How come people say “Would of”? [duplicate]

I often read the expression “would of” used instead of “would have”. Each time I read it I get annoyed so I googled it and found out -as I expected- that it is an incorrect way to say “would have”. Now, there are a lot of brilliant slang words/expressions, so my question is, why do people use this one? It’s so annoying to read, stupid and clearly wrong, it is pointless, why did they come up with this expression?


Edit: I don't think my question is a duplicate as I didn't ask how can somebody use it (since I know it's incorrect and I know that I can use it with commas giving it a different meaning) but I asked why and how people came up with this expression.


Solution 1:

Correction: what annoys you is people writing “would of” when they are saying /ˈwʊdəv/, which is the standard pronunciation of the contraction would’ve.

The vowel of the preposition “of” is almost always reduced in actual speech, yielding /əv/. Thus “would’ve” and “would of” are homophones. So no surprise that some people spell it that way, even though it makes no grammatical sense.

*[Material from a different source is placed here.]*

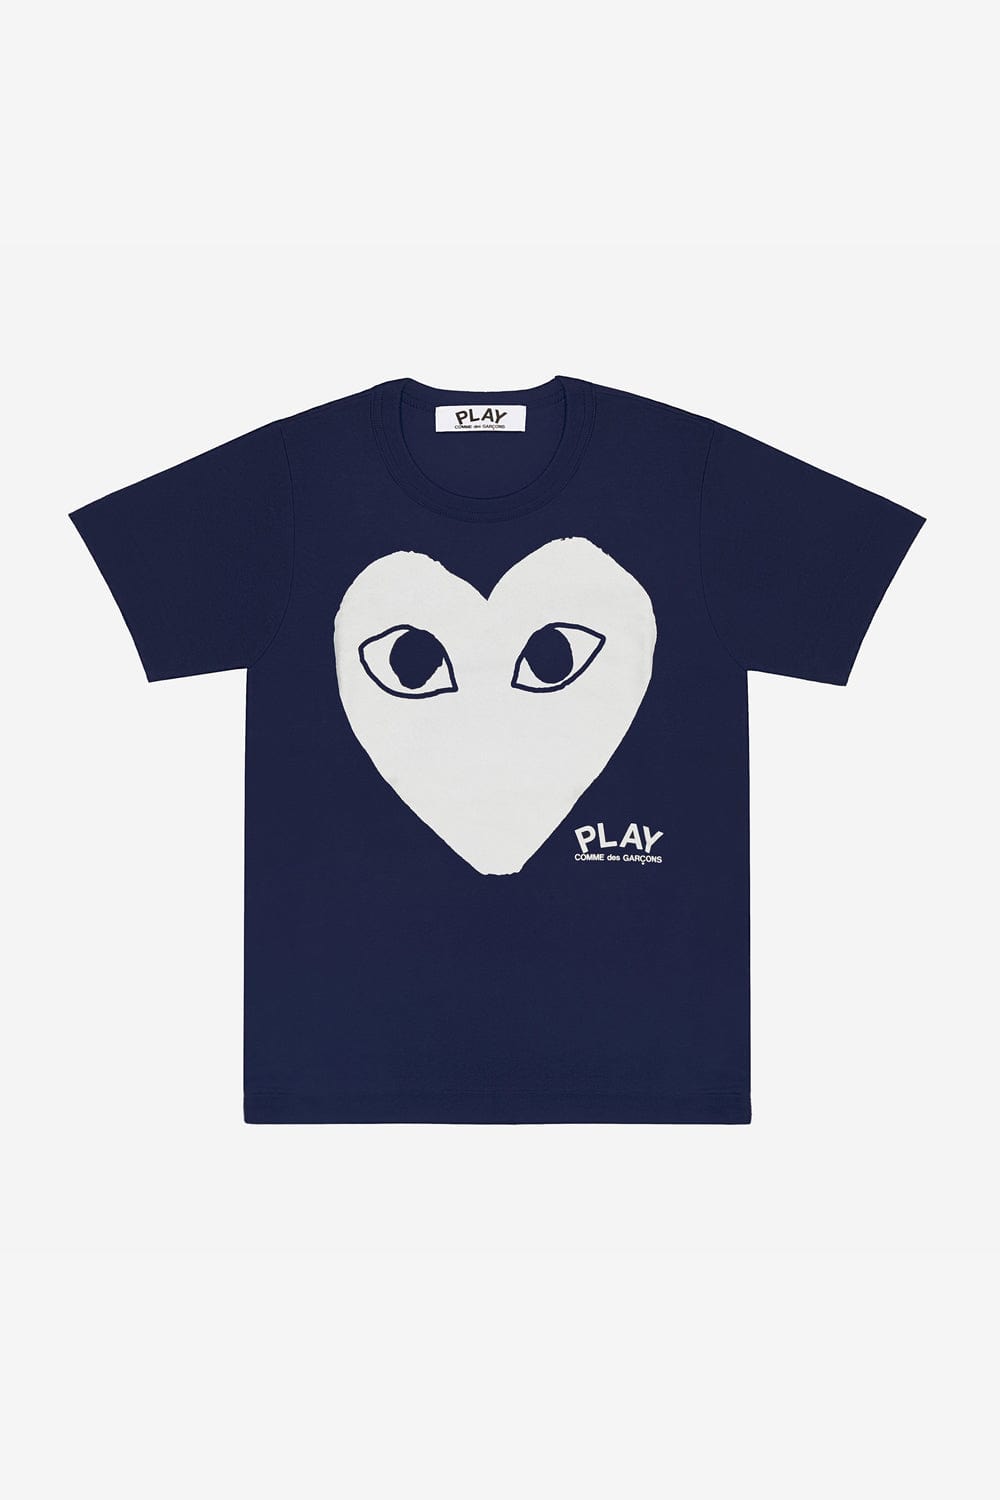 COMME des GARCONS PLAY T180 White Big Heart Tee (Navy)

Would’ve can be even further reduced to /ˈwʊdə/, which some people spell woulda as a kind of phonetic eye dialect to represent actual speech or set an informal tone. The same goes for the modals, shoulda, coulda, musta.

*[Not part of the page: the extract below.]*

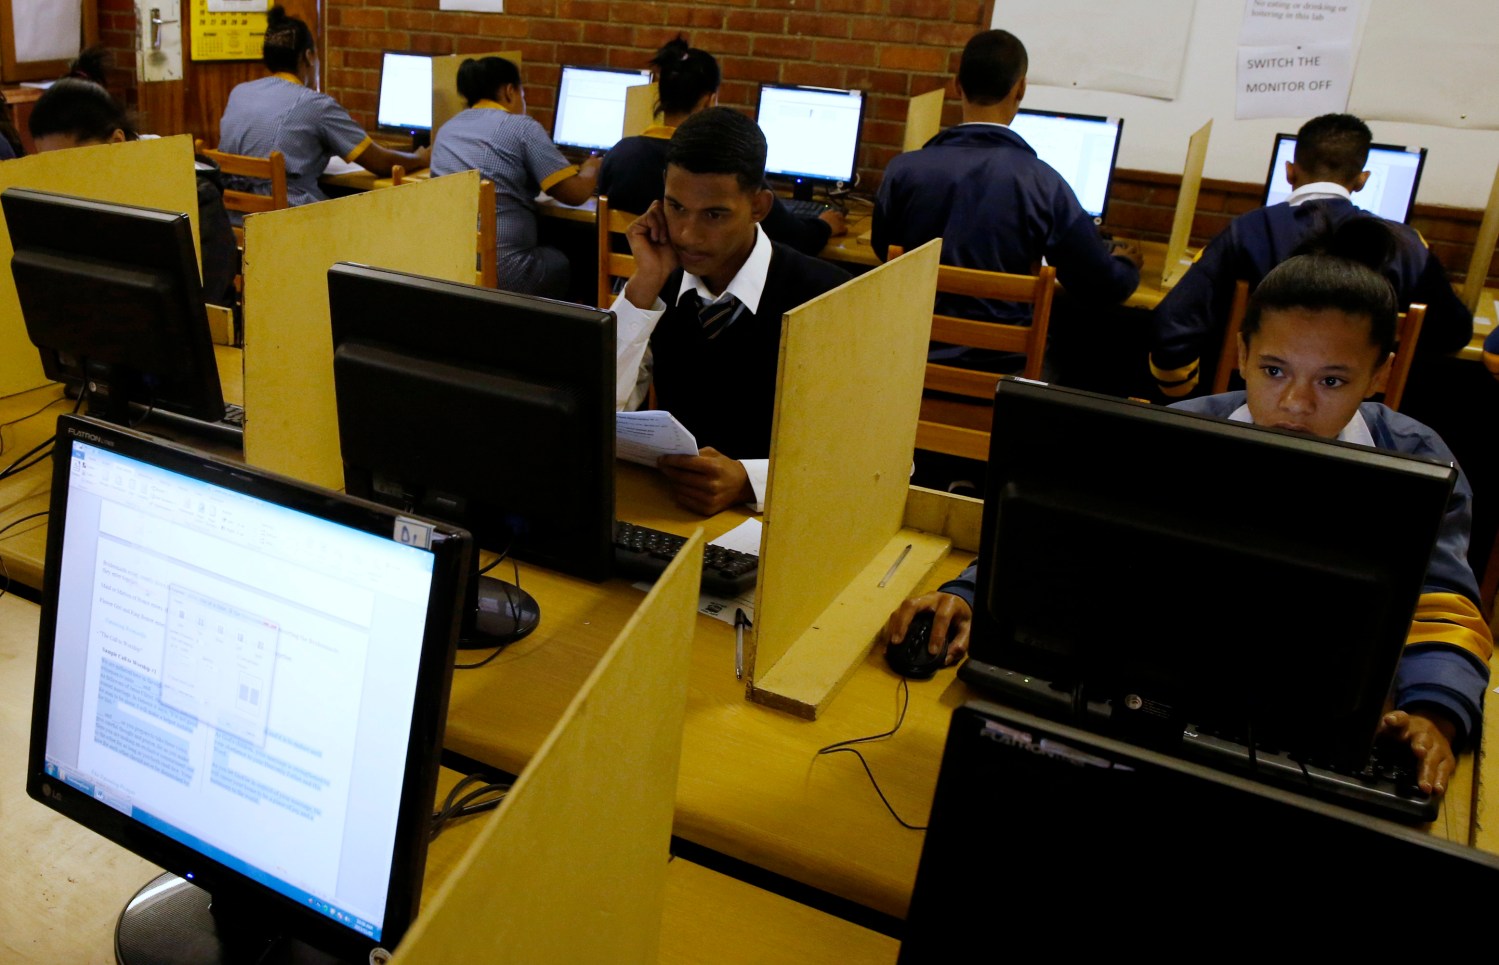 Students use computers to study at Elswood Secondary School in Cape Town November  7, 2013. Even the metal grills welded into its walls did not deter burglars from ripping out the copper cables that delivered Internet to the students of this tough neighbourhood. But Elswood's pupils were saved by alternative technology - free wireless connection via unused TV spectrum known as white space. It's being provided by a consortium including Google  as part of a wider trial. Elsewhere in the country Microsoft  is operating similar pilots. Both are racing to fine tune a technology that could ultimately bring cheap broadband to the entire continent. Picture taken November 7, 2013. To match Feature AFRICA-INTERNET/ REUTERS/Mike Hutchings  (SOUTH AFRICA - Tags: EDUCATION BUSINESS SCIENCE TECHNOLOGY) - GM1E9BA1EGA01

Spelling as it sounds can yield amusing results:

Along the way the details of his past are sordid out and he realizes that what he once thought about his parents isn't the truth at all. — Amazon.com Review.

A speaker of British English, of course, would never write sorted in this manner, but with an American flapped t, it’s a perfect fit.

Solution 2:

"Would of" is a garden variety malapropism (Wikipedia - Malapropism).

Some more interesting malapropisms are "tantrum bicycle" instead of tandem bicycle, "Alcoholics Unanimous" instead of Alcoholics Anonymous, "a vast suppository of information" instead of repository of information, "Miss-Marple-ism" instead of malapropism¹ and Mike Tyson's "I might fade into Bolivian" instead of oblivion (these are all borrowed from that same Wikipedia article).

The basic idea is that no one has perfect knowledge of any language, not even the ones they speak natively. We hear things incorrectly and then repeat the mistake.

We know that English speakers often contract "would have" into "would've." This is pronounced identically (in some dialects) to "would of," so the mistake is easy to make.


¹ This one seems too perfect to be a complete mistake. The "miss" sound is totally absent from "malapropism" and the term, for those who didn't follow the Wikipedia link, comes from a character named Mrs Malaprop. It seems unlikely that the supposed speaker of "Miss-Marple-ism" wasn't aware, at least subconsciously, of the correct word, or at least its origins. In which case, this neologism may really be an eggcorn.